### Aim of the exercise
Please return the listing below word for word, minus its pictures.

### Data below
════════
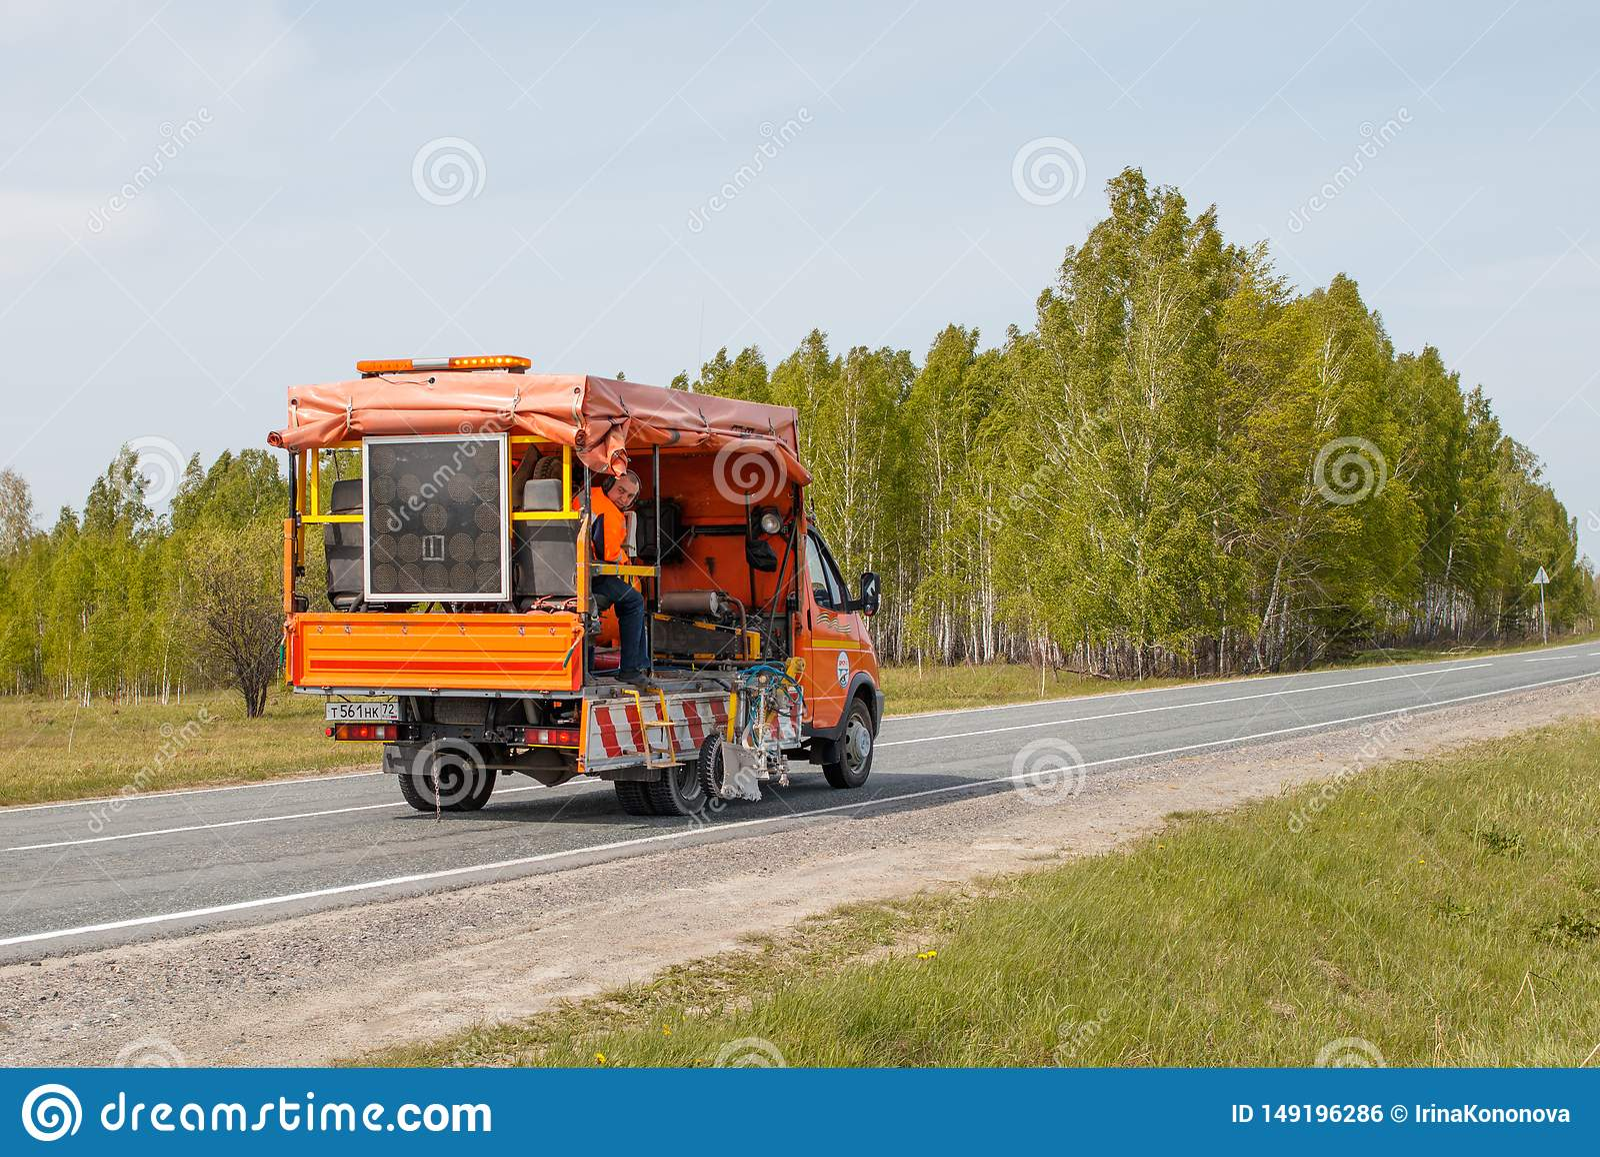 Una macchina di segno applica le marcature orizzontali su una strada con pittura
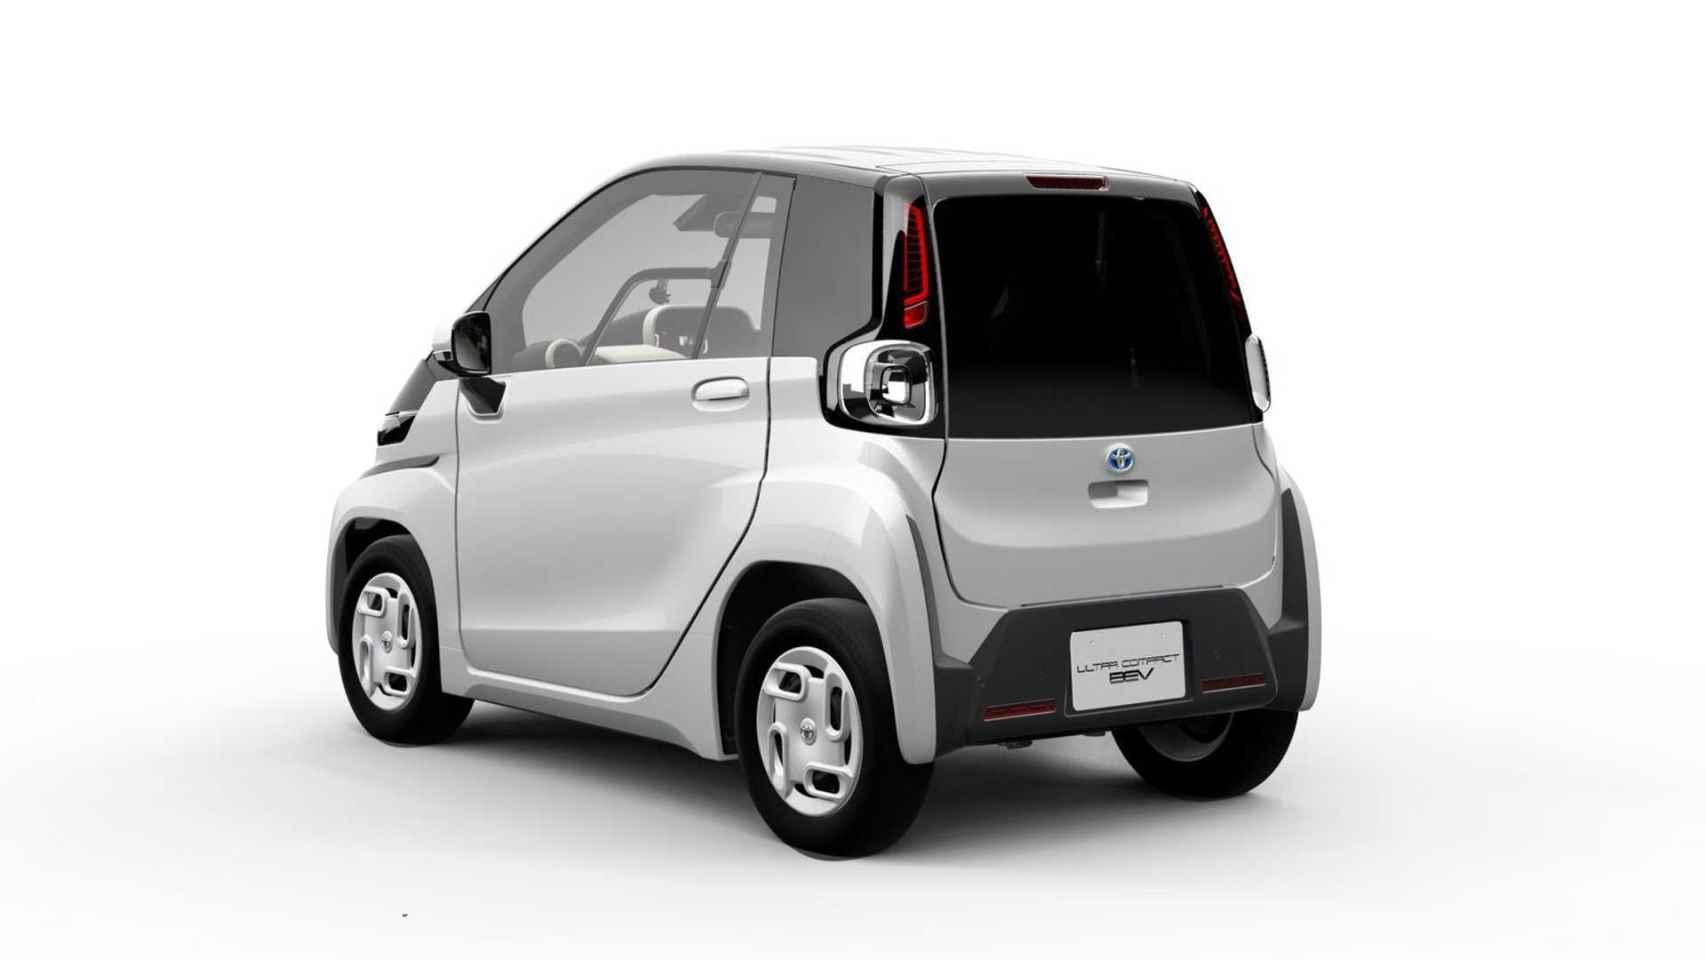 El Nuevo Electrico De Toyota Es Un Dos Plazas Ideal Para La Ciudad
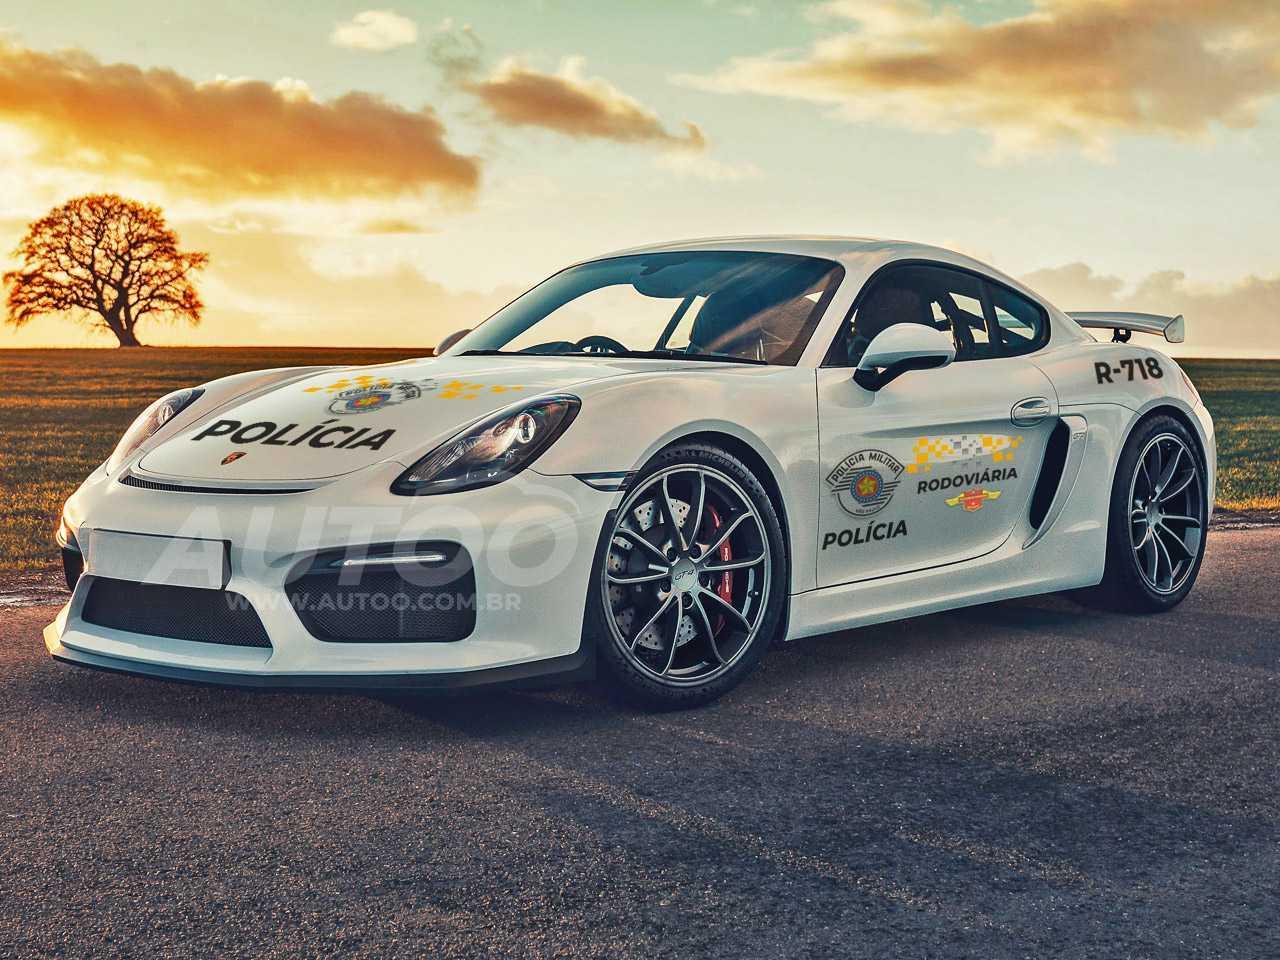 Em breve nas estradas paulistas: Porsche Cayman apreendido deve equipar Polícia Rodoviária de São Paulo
════════
### Solution to the problem
 Una macchina di segno applica le marcature orizzontali su una strada con pittura
 El Nuevo Electrico De Toyota Es Un Dos Plazas Ideal Para La Ciudad
 Em breve nas estradas paulistas: Porsche Cayman apreendido deve equipar Polícia Rodoviária de São Paulo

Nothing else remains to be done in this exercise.